BTG to Start Insurance Business in Four Latin American Nations

April 11, 2014 by

Grupo BTG Pactual SA, the Brazilian lender controlled by billionaire Andre Esteves, plans to start an insurance business in Chile, Peru, Colombia and Mexico.

The first step will be to enter Chile’s annuity market, said Alejandro Montero, chief executive officer at BTG Pactual Chile, in an interview in Santiago. The company will have capital of about $100 million, and the plan is to reach $1 billion in assets in a couple of years, according to Montero.

“We will start in Chile because it is the most mature market,” Montero said, adding that the next step for the Sao Paulo-based company would be moving into Peru or Mexico. “Our plan is to create a Pacific Alliance company,” he said, referring to the Latin American trade bloc that includes the four nations.

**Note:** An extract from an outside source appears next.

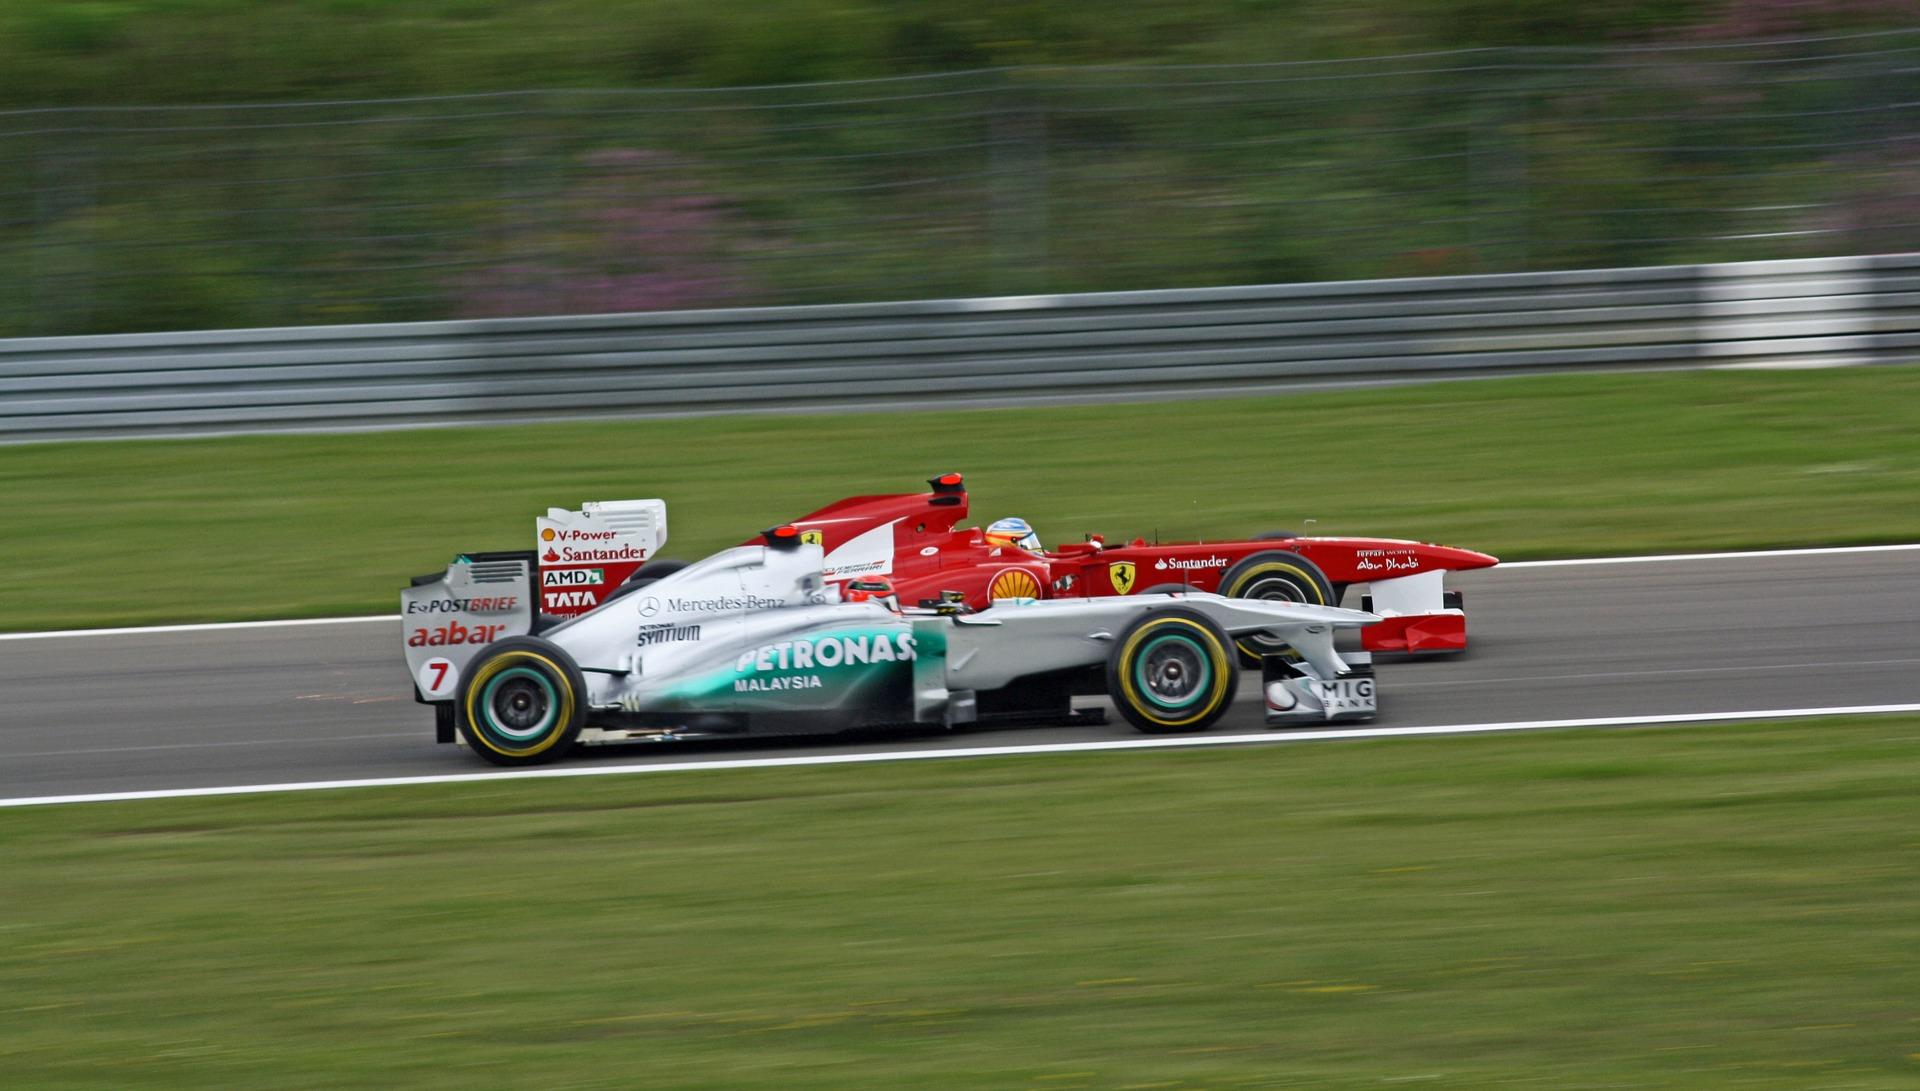 Crypto Exchange Crypto.com Signs Global Sponsorship With Formula 1

BTG is expanding outside Brazil to diversify its revenue and become a regional power. Annuity sales in Chile grew almost 45 percent last year to $1.73 billion, according to the nation’s insurance regulator, Superintendencia de Valores y Seguros. New York-based MetLife Inc. is the biggest insurer in Chile based on total premiums for 2013, followed by Santiago-based Chilena Consolidada Seguros Generales SA and Cia de Seguros de Vida Consorcio Nacional de Seguros SA.

BTG, which announced the acquisition of Santiago-based Celfin Capital SA in February 2012, expects to open a bank in Chile with $150 million in capital in August. The new insurance business will be run through a separate unit, Montero said.

The bank opened a Mexico broker-dealer in January, and said in June 2012 that it would buy Bolsa y Renta SA, Colombia’s biggest brokerage by trading volume.

“We want to have local banks to provide local-currency- denominated loans to clients and compete with local lenders,” Roberto Sallouti, BTG’s chief operating officer, said in December. The bank’s goal is to expand to other Latin American countries all the products and lines of business it has in Brazil, including asset management, private equity and wealth management, Sallouti said.

In Chile, the new company will start by using other brokerages to sell its annuities, said Montero, adding that in the future it could become an insurance broker-dealer and offer other types of insurance. BTG named Jaime Maluk CEO for the bank’s annuity business in Chile. Maluk was previously an investment manager at Santiago-based Soc. De Asesorias e Inversiones Cruz del Sur Ltda, which was acquired by Santiago- based Grupo Security SA in March 2013.

Approvals have already been requested from the Brazilian central bank and Chile’s Superintendencia de Valores y Seguros. Once both are obtained, the license should be ready in about eight months, according to Montero, who expects to enter the Chilean annuity market by the fourth quarter of this year.